# Scramble generating scripts/algorithms?



## Gerra (Jan 14, 2012)

Hi there, I'm interested on finding any resources that can guide me trough scramble generating.

I want to write a scramble generator script for a lot of puzzle types. Where can I find a good starting point?

I think they are something more difficult that simple random numbers.

Isn't speedsolving the best place to ask this question?


----------



## Lucas Garron (Jan 14, 2012)

What's the purpose, and what language do you want to use?
It's fine to ask in speedsolving, but you should ask a more specific question if you want a useful answer.

Look through the software area to see what you need.

Mark 2, https://github.com/jfly/tnoodle, and PPT have various pieces of sample code for good scramblers.

Jaap's page has a lot of good math explanations.


----------



## Gerra (Jan 14, 2012)

Whoa, you're the guy who made CCT?
Did a great job! Really. Thanks for the response, my pleasure.

Generating scrambles seems too difficult for my timeframe. Or maybe the reason behind the huge codes here - https://github.com/lgarron/mark2/tree/master/inc/scramblers - is the visual display? I'm makin' a timer, and I need only the literal scrambles.

I'll use predefined scrambles for now, or maybe we can collaborate on my project, if interested. I've seen you have C experience as well, I'll drop you a mail in private.


----------



## qqwref (Jan 14, 2012)

Nope, Lucas made Mark 2, but Jeremy Fleischman (and Ryan Zheng) made CCT.
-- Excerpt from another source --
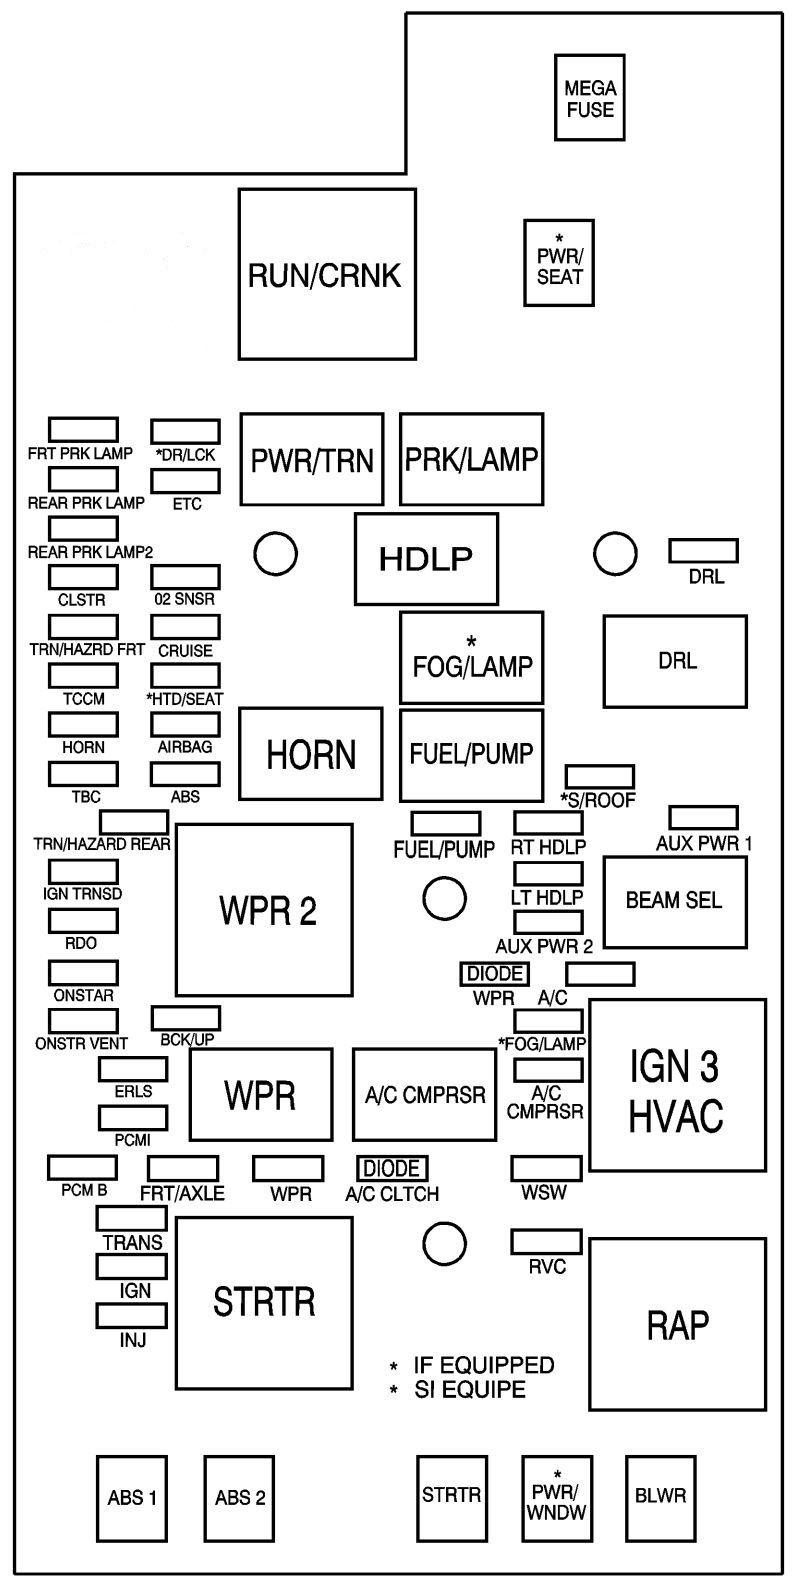 05 gmc canyon fuse diagram et 6534  radio wiring diagram on 2007 chevrolet colorado radio  radio wiring diagram on 2007 chevrolet
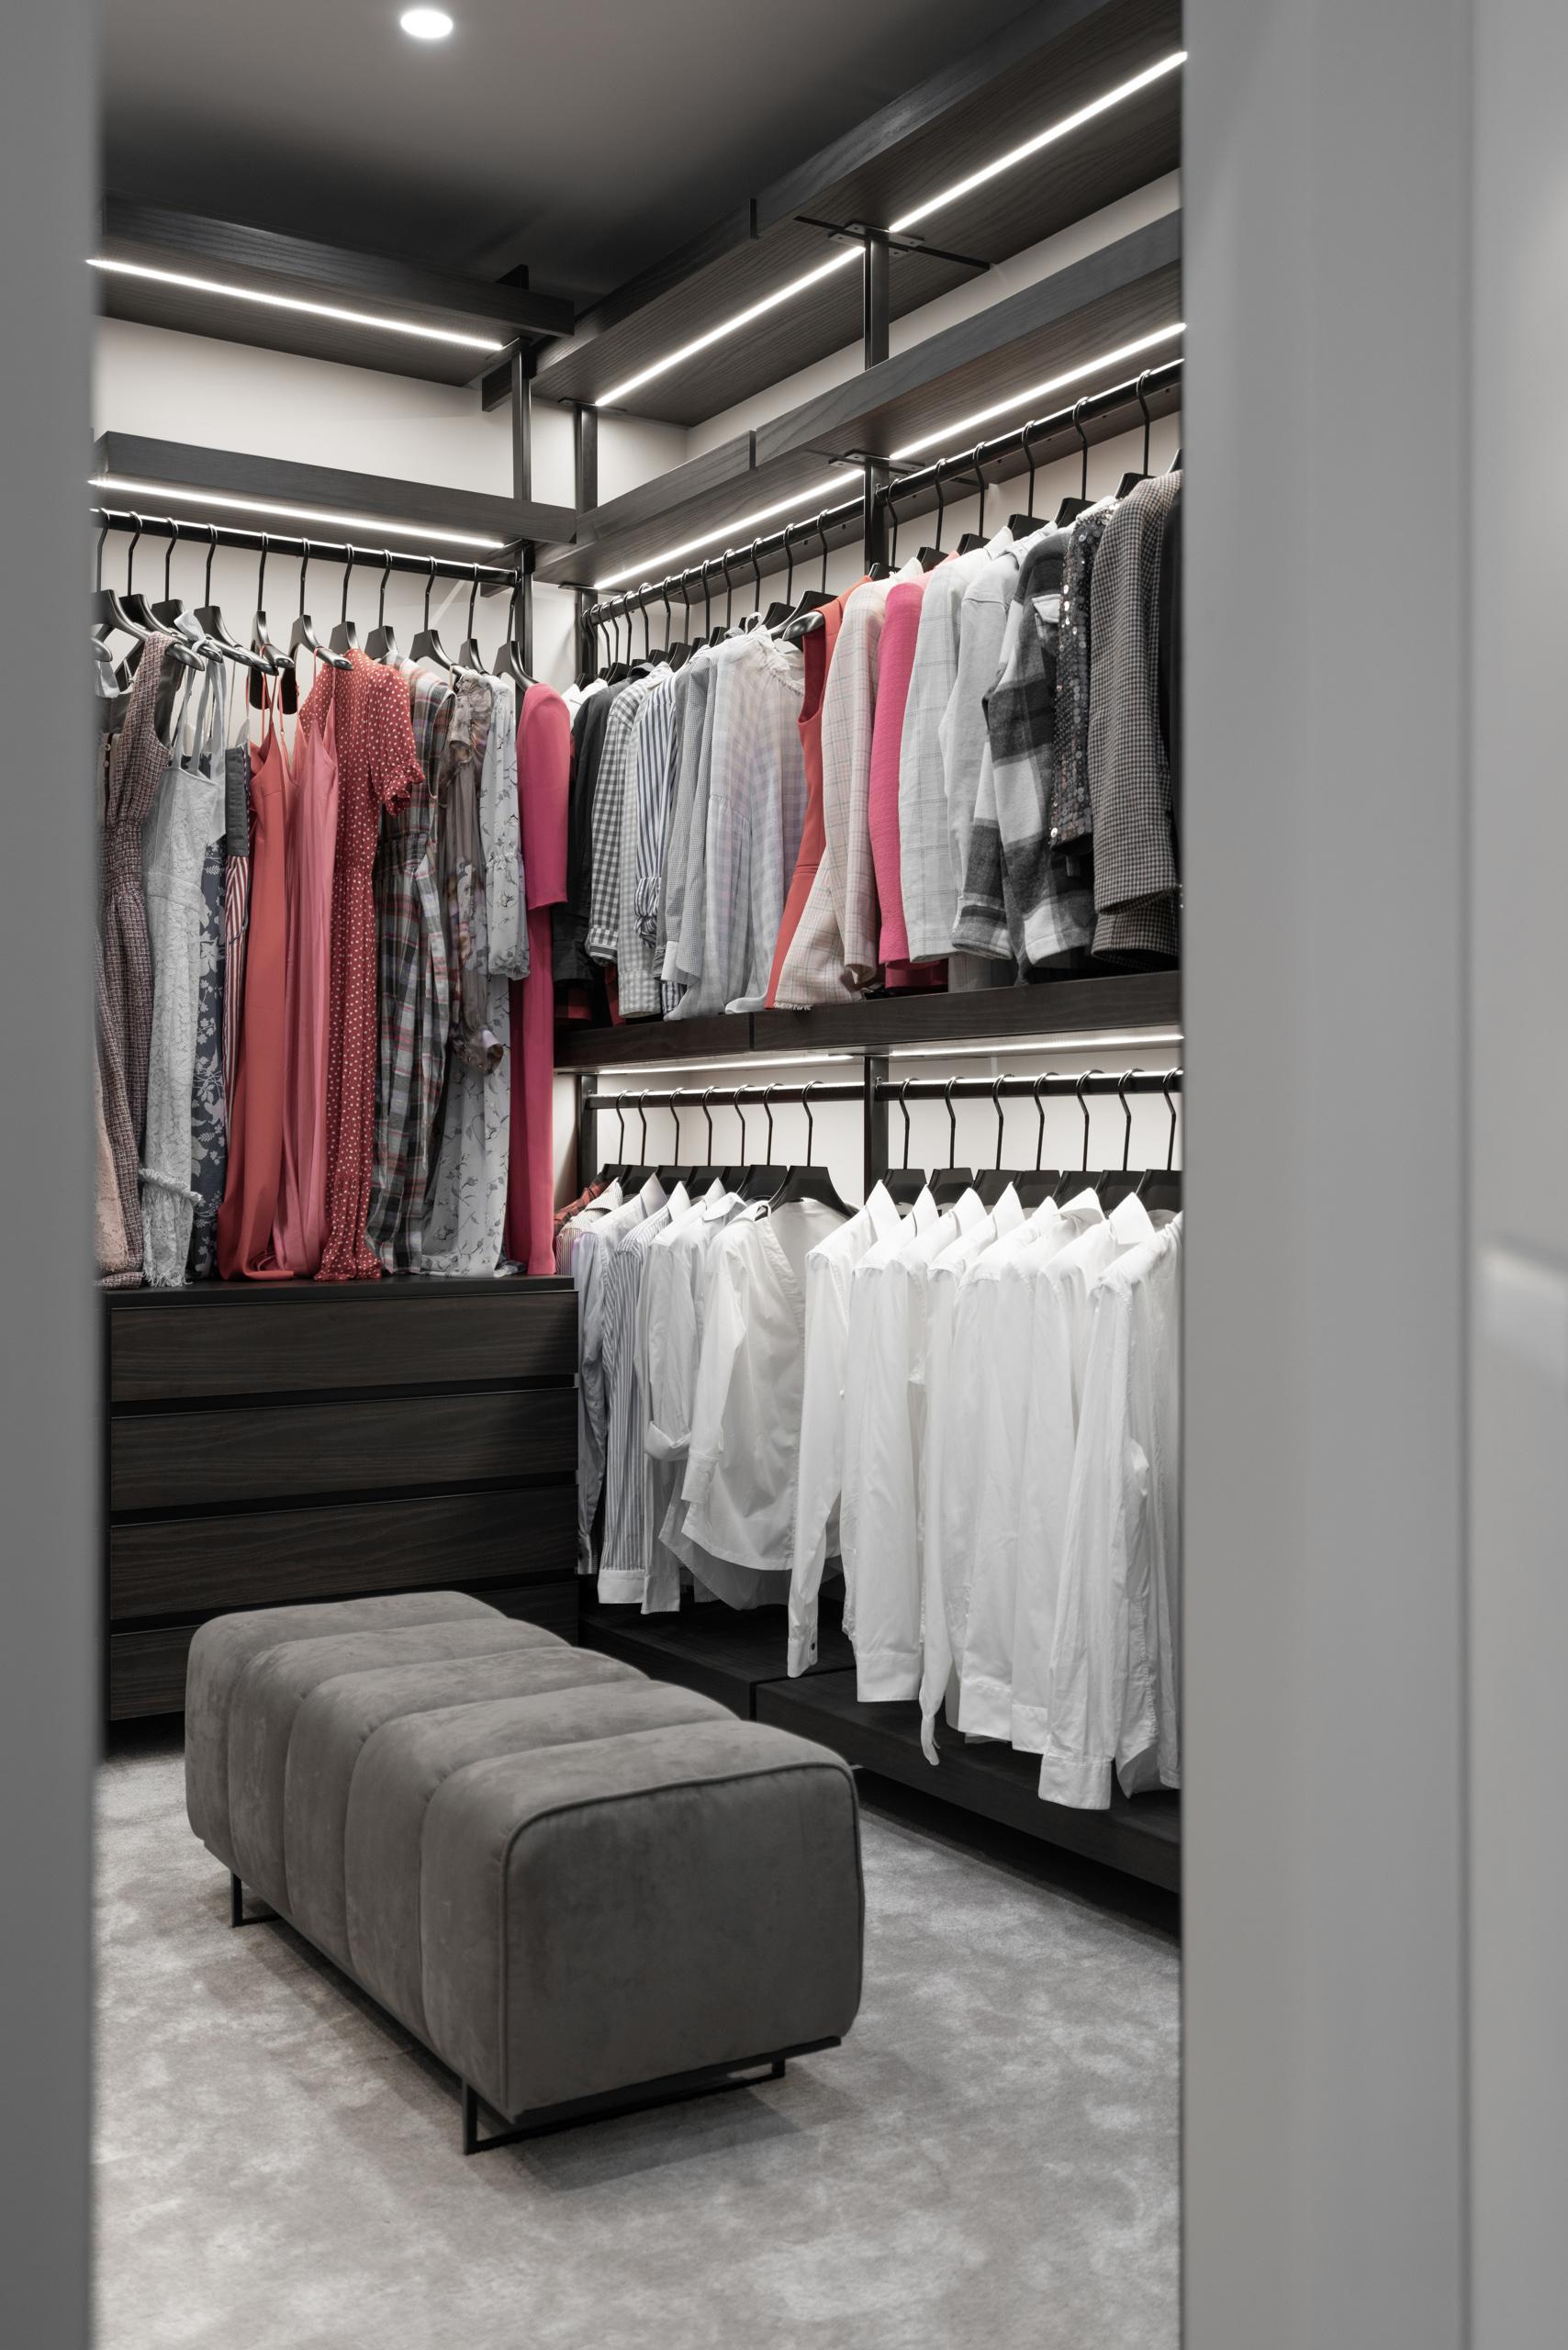 Фотосъемка интерьера гардероба в квартире

If you want simpler scrambles, you might want to take a look at the code in http://mzrg.com/qqtimer/. The "megascramble" function is a little hard to understand, but it's very general. A typical 3x3x3 scrambler would work something like this:
- Generate a sequence of L, R, U, D, F, B moves, such that (a) the same move doesn't occur twice in a row, and (b) there are no sequences such as "U D U" where the same move gets repeated without changing "axis".
- For each move, add a suffix to specify a random amount of that move. So, for R, we randomly choose between R, R', and R2.
The megascramble function basically generates random moves just like this, and you can specify which moves are in each axis group as well as which suffixes are allowed. Of course, you can just make a separate scramble function for each puzzle if you want. The main idea is to generate random moves that don't have cancellations. 

A lot of modern programs have much more complicated scramblers, which choose a random position and generate a short sequence that solves it. Many of them also have functions to create images (I think all of the Mark 2 and CCT ones do this). Depending on what you want, you can save a lot of space and complexity by getting rid of those features.


----------



## tim (Jan 14, 2012)

Gerra said:


> Generating scrambles seems too difficult for my timeframe. Or maybe the reason behind the huge codes here - https://github.com/lgarron/mark2/tree/master/inc/scramblers - is the visual display? I'm makin' a timer, and I need only the literal scrambles.


 
If you're making a timer in Ruby (or JRuby/whatever), feel free to use this: https://github.com/timhabermaas/scrambler (not random-state, though)

I've also made a tiny(!) API around it: http://scrambler-api.herokuapp.com/3x3x3 (Code). Feel free to fork it and adapt it to your needs.


----------